*WHAT THE TASK REQUIRES*: Transcribe all of the data verbatim, please, and leave out its pictures.
THE DATA Block Start
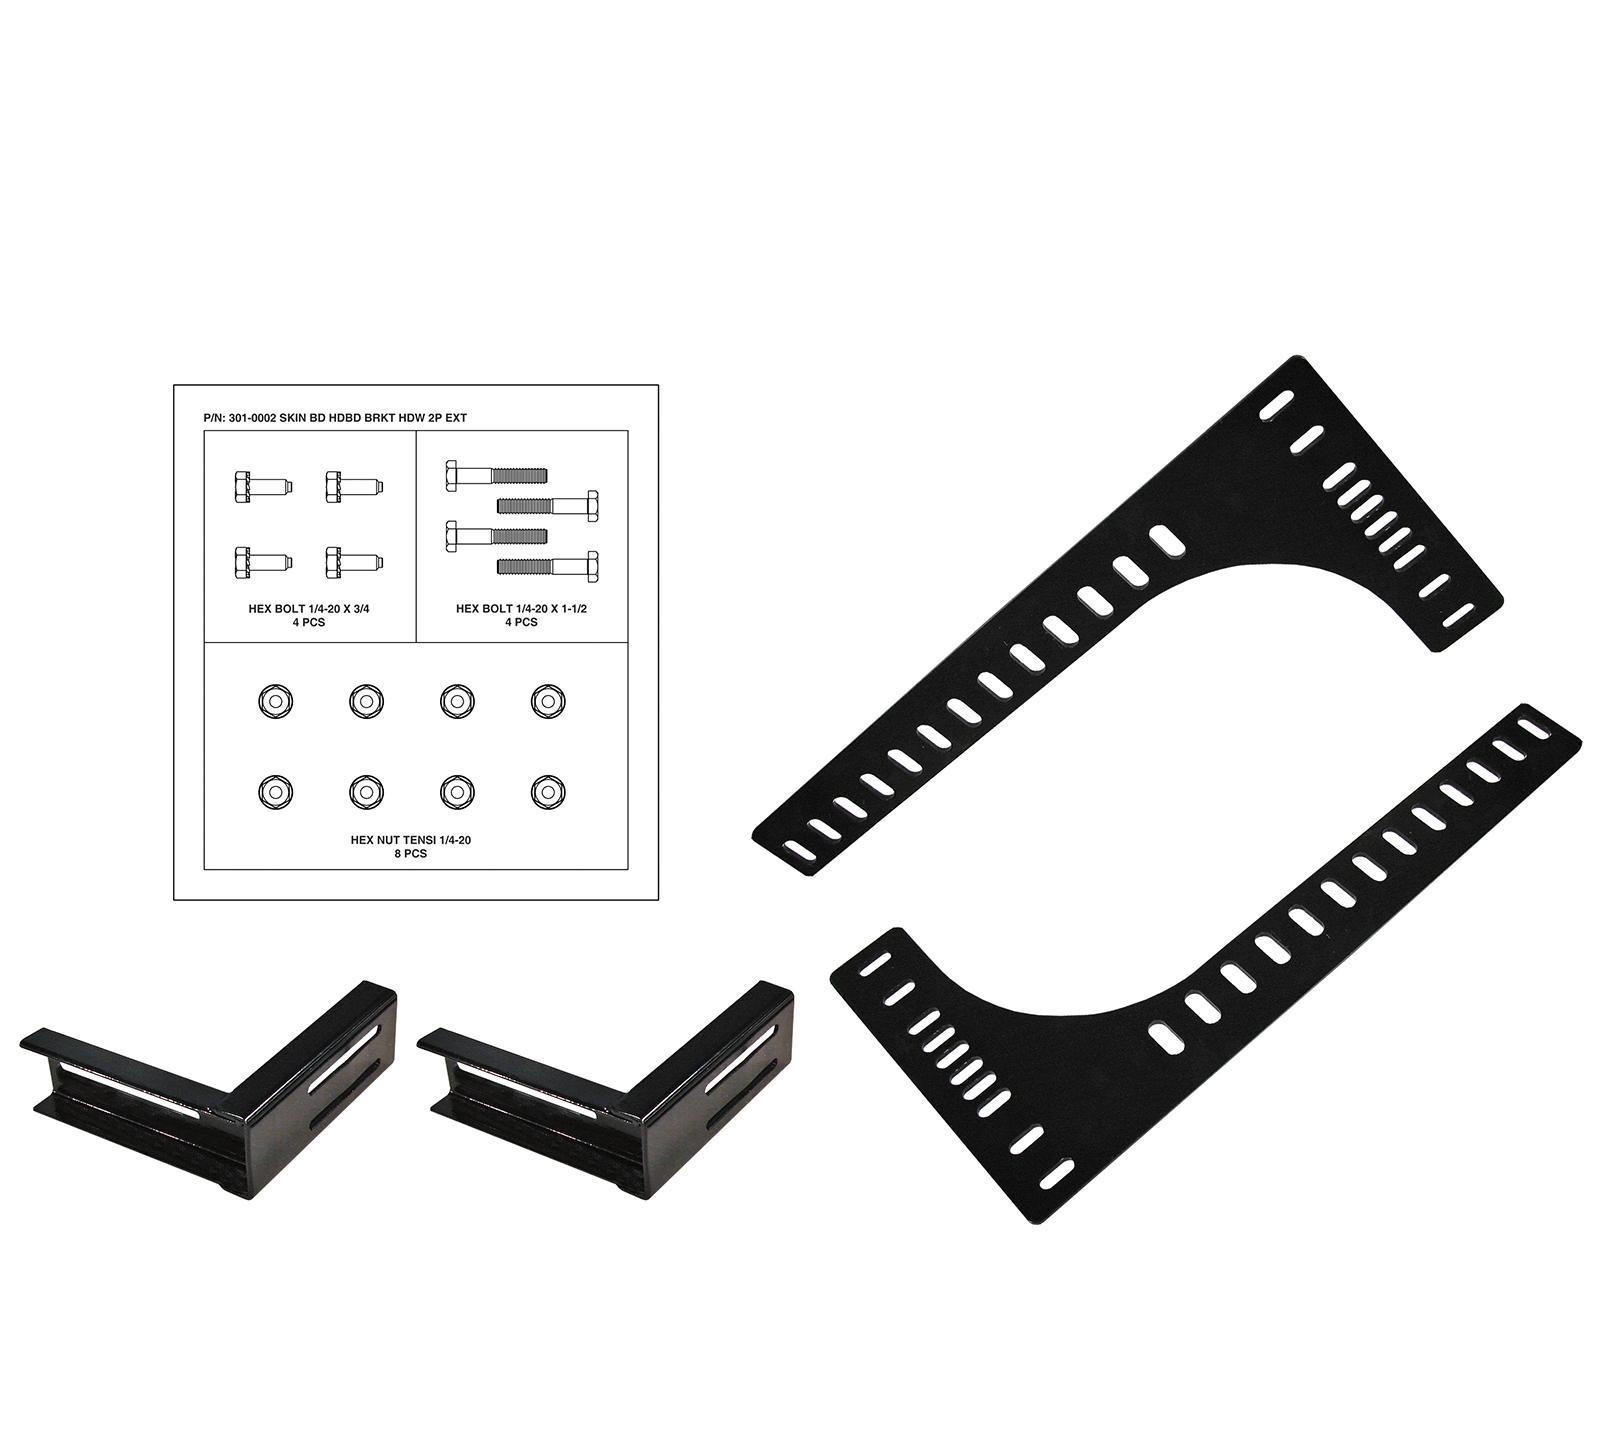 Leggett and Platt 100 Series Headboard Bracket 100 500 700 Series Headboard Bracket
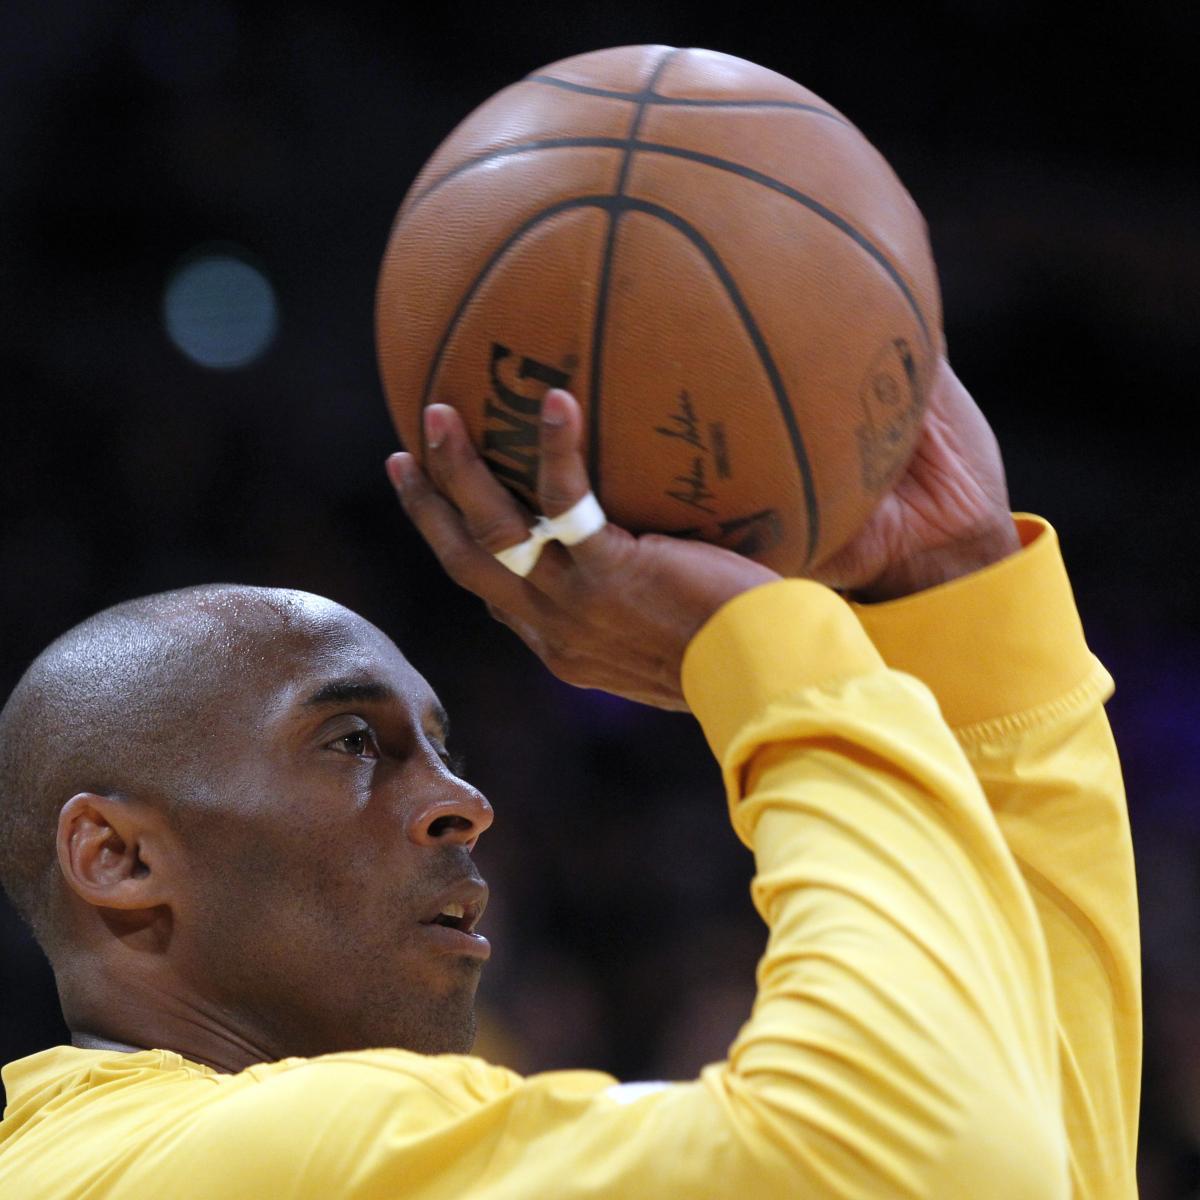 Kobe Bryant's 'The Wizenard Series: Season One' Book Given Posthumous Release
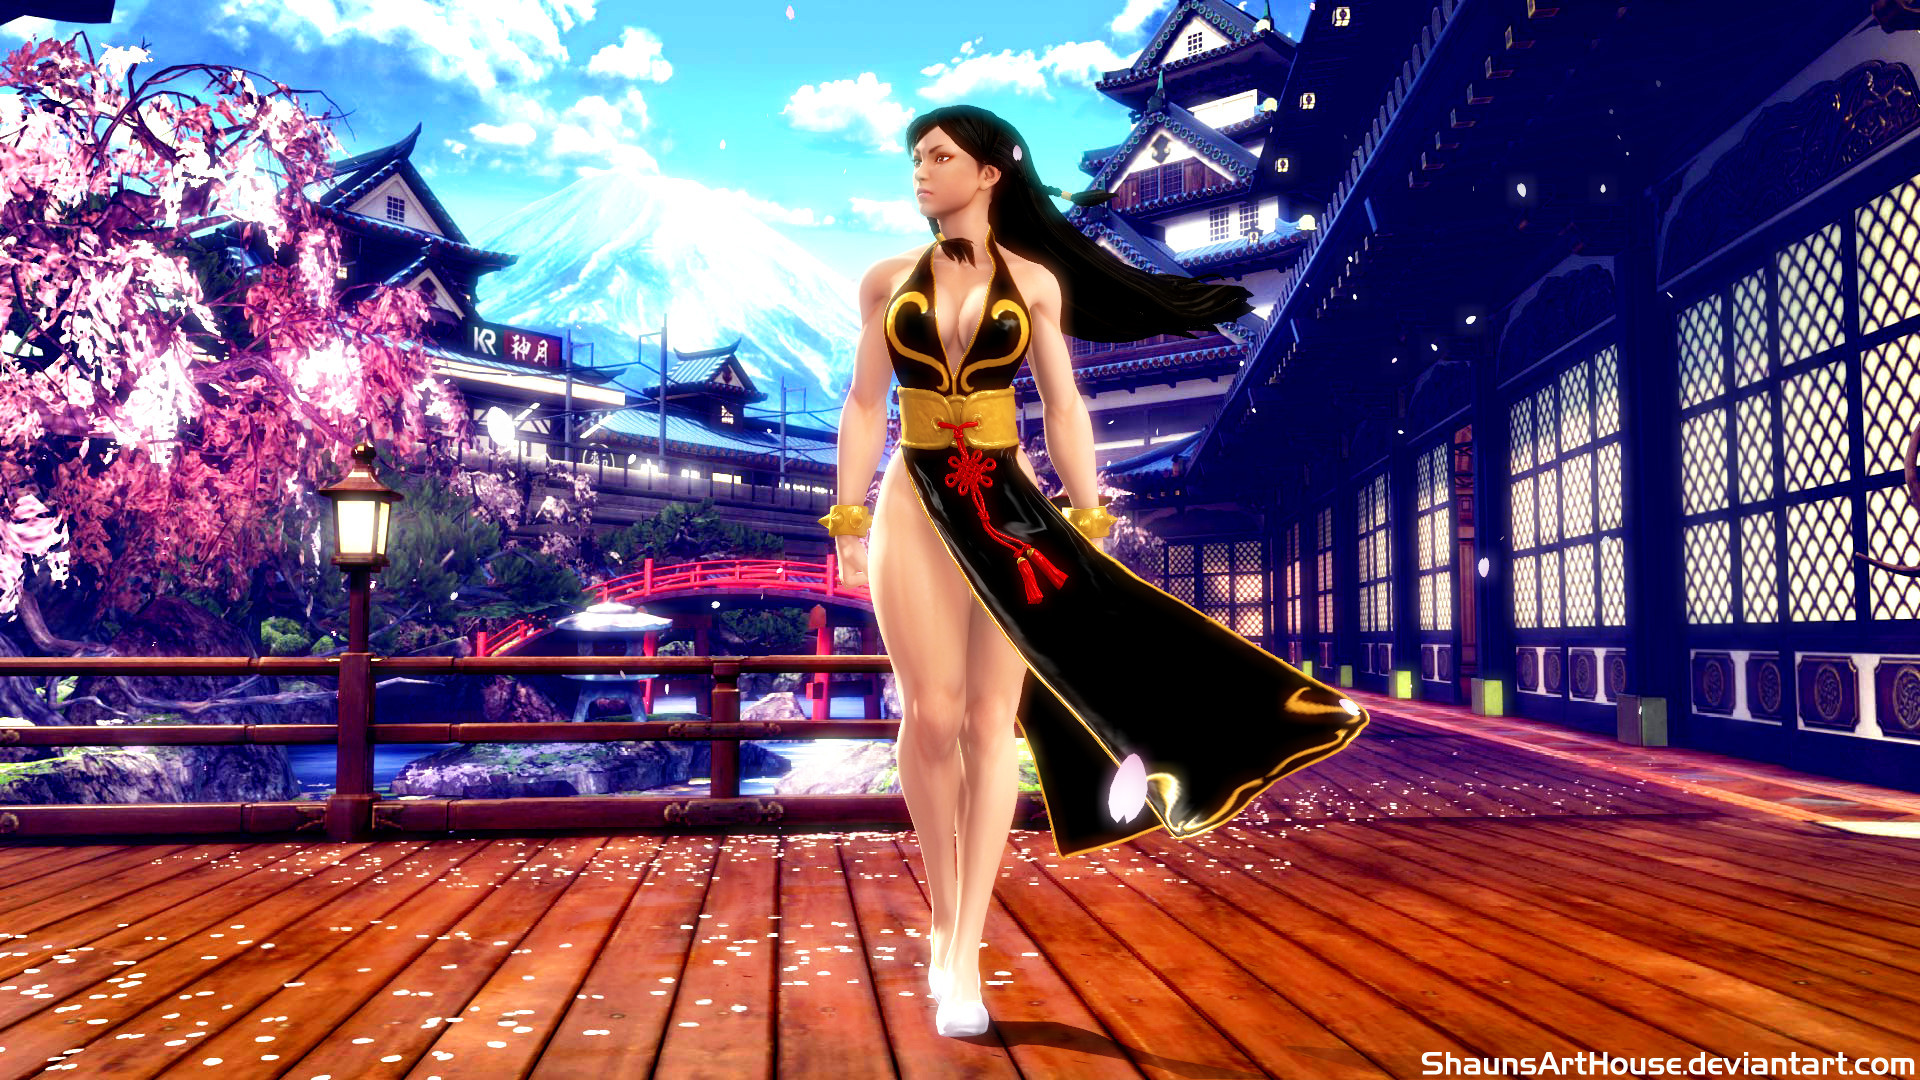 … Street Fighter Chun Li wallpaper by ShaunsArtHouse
THE DATA Block End
*TASK OUTPUT*:
 Leggett and Platt 100 Series Headboard Bracket 100 500 700 Series Headboard Bracket
 Kobe Bryant's 'The Wizenard Series: Season One' Book Given Posthumous Release
 … Street Fighter Chun Li wallpaper by ShaunsArtHouse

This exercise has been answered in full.